Court boots Bradford suit

Author to pay $3,200 for every week of 'Karishma's' delay

NEW DELHI — India’s most expensive miniseries will be back on the air after an Indian appeals court Monday rejected a plagiarism suit by U.S.-based British author Barbara Taylor Bradford.

Bradford alleged the $6.2 million mini, “Karishma — A Miracle of Destiny,” was based on her 1977 novel “A Woman of Substance,” about a simple girl who goes on to set up a major business empire.

“The plaintiff cannot have a monopoly on a woman making it from rags to riches,” said A.N. Roy, one of two judges on the appeals bench of the Kolkata High Court.

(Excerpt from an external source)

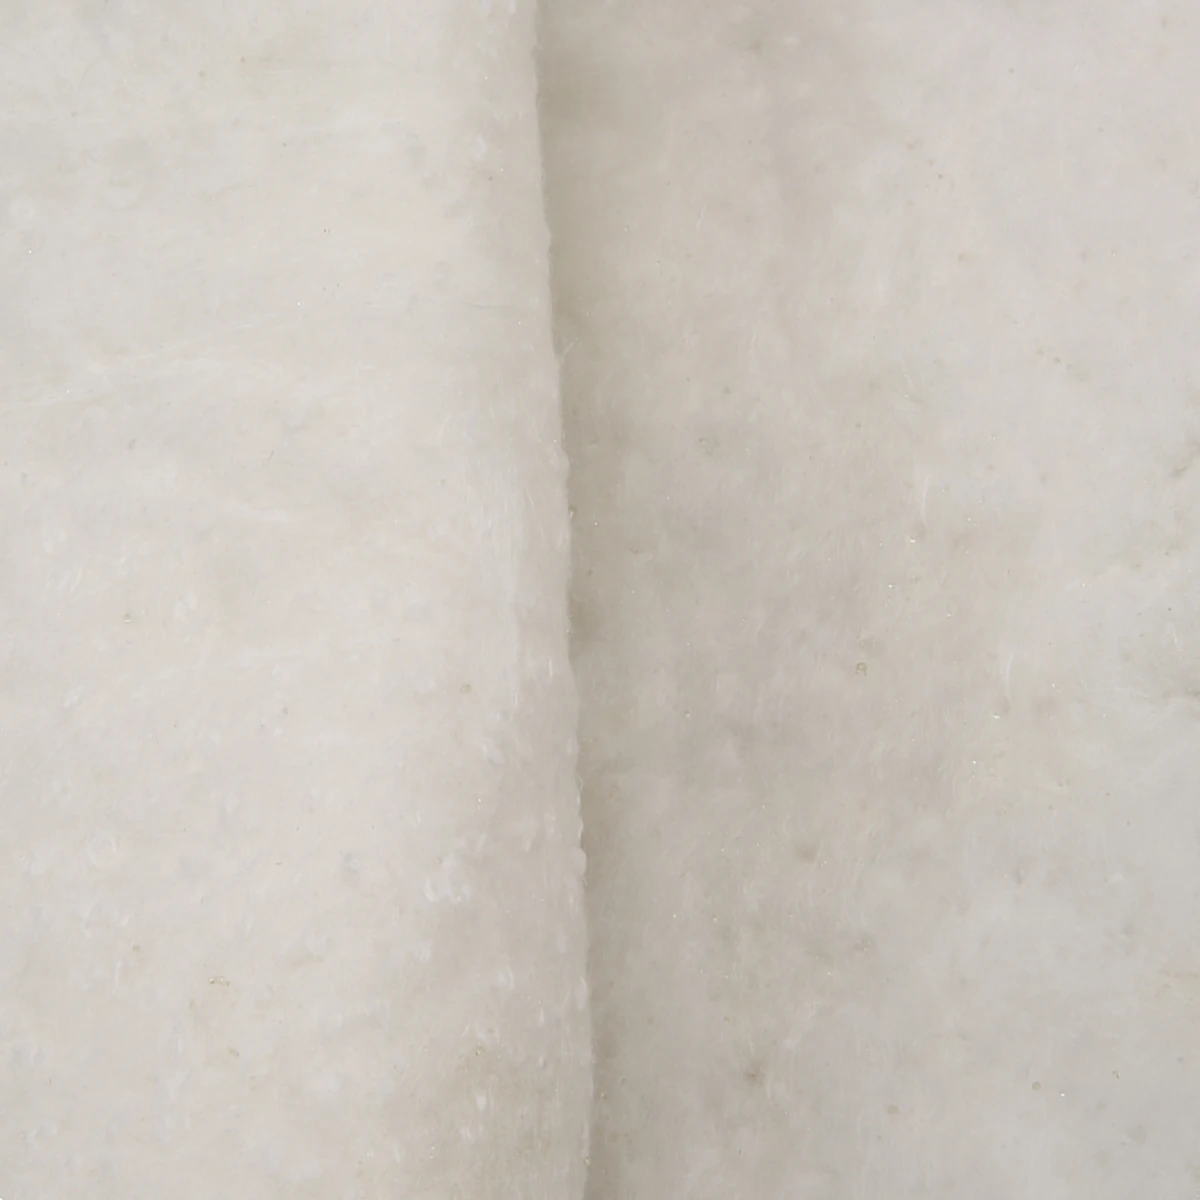 New 61cmx100cm White Ceramic Fiber Blanket High Temperature

“Karishma” began airing in early May but was taken off after the first episode, when Bradford won a stay from India’s Supreme Court.

On June 30, the Kolkata High Court gave the go-ahead for the serial’s screening. But the appeal court ruled subsequently that the serial, produced by Sahara Media Entertainment, could not continue until the court had decided on Bradford’s petition.

The judges ordered the author to pay Sahara $3,200 for every week of delay in the telecast since May 12, as well as other costs.

The case has drawn global attention, as it marked a rare attempt to take action over plagiarism against India’s massive entertainment industry, which routinely steals storylines from Hollywood and English-language literature.

(Shilpa Bharatan Iyer contributed to this report).